Genome annotation refinement using peptide sequence data
Gene prediction tools suffer from both false-negative and false-positive predictions, leading to incorrect exons or exon boundaries, wrong prediction of translational start/stop sites, and missed genes/exons. In this study, MS/MS data were searched against a six frame translated genome sequence to identify novel protein-coding regions. After excluding peptides that mapped to existing protein database entries (peptide sequences derived from Agam 3.6), the genome search-specific peptides, or GSSPs, were further analyzed to refine current gene predictions.

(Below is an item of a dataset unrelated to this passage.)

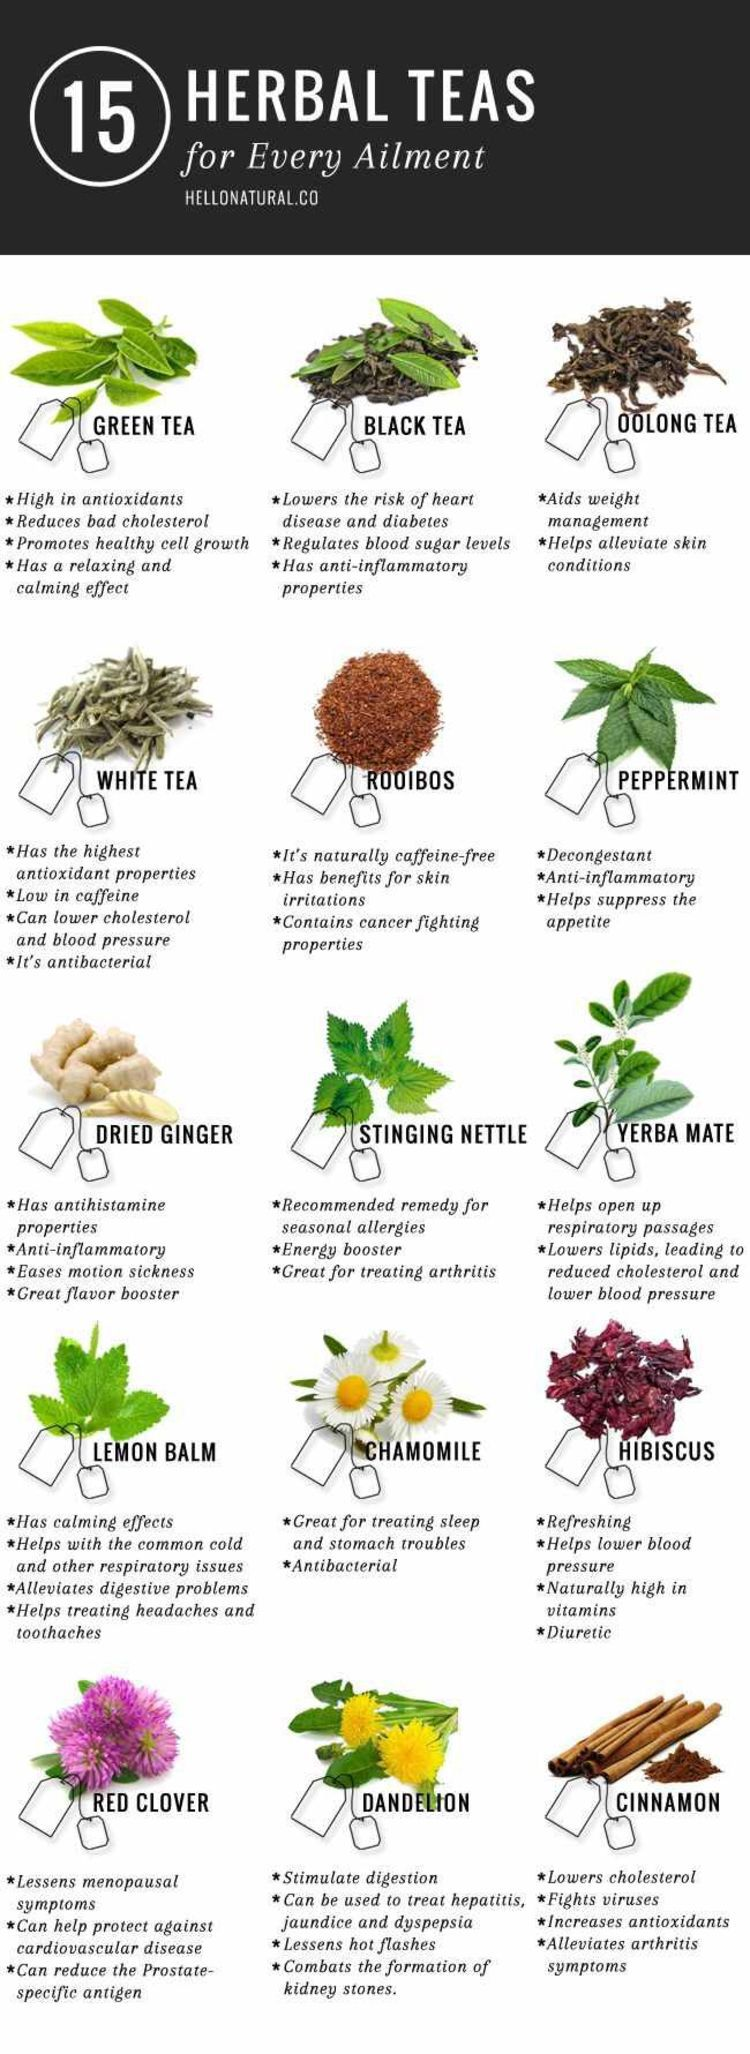 15 Herbal Teas For Every Ailment

A total of 3515 peptides did not match any protein sequences of An. gambiae in VectorBase annotations, out of which 2682 peptides that mapped to only one location in the genome were considered for proteogenomic analysis. These peptides are listed in six groups as Supplemental Table 3A–3F in the following categories: (1) peptides mapping to intergenic regions; (2) peptides mapping within introns; (3) peptides mapping within annotated exons but not matching the frame of translation; (4) peptides overlapping exon–intron junctions; (5) peptides extending gene boundaries; and (6) peptides mapping to untranslated regions (UTRs). We used de novo gene predictions in combination with GSSPs to propose refinements/additions to the current genome annotation as described in the following sections.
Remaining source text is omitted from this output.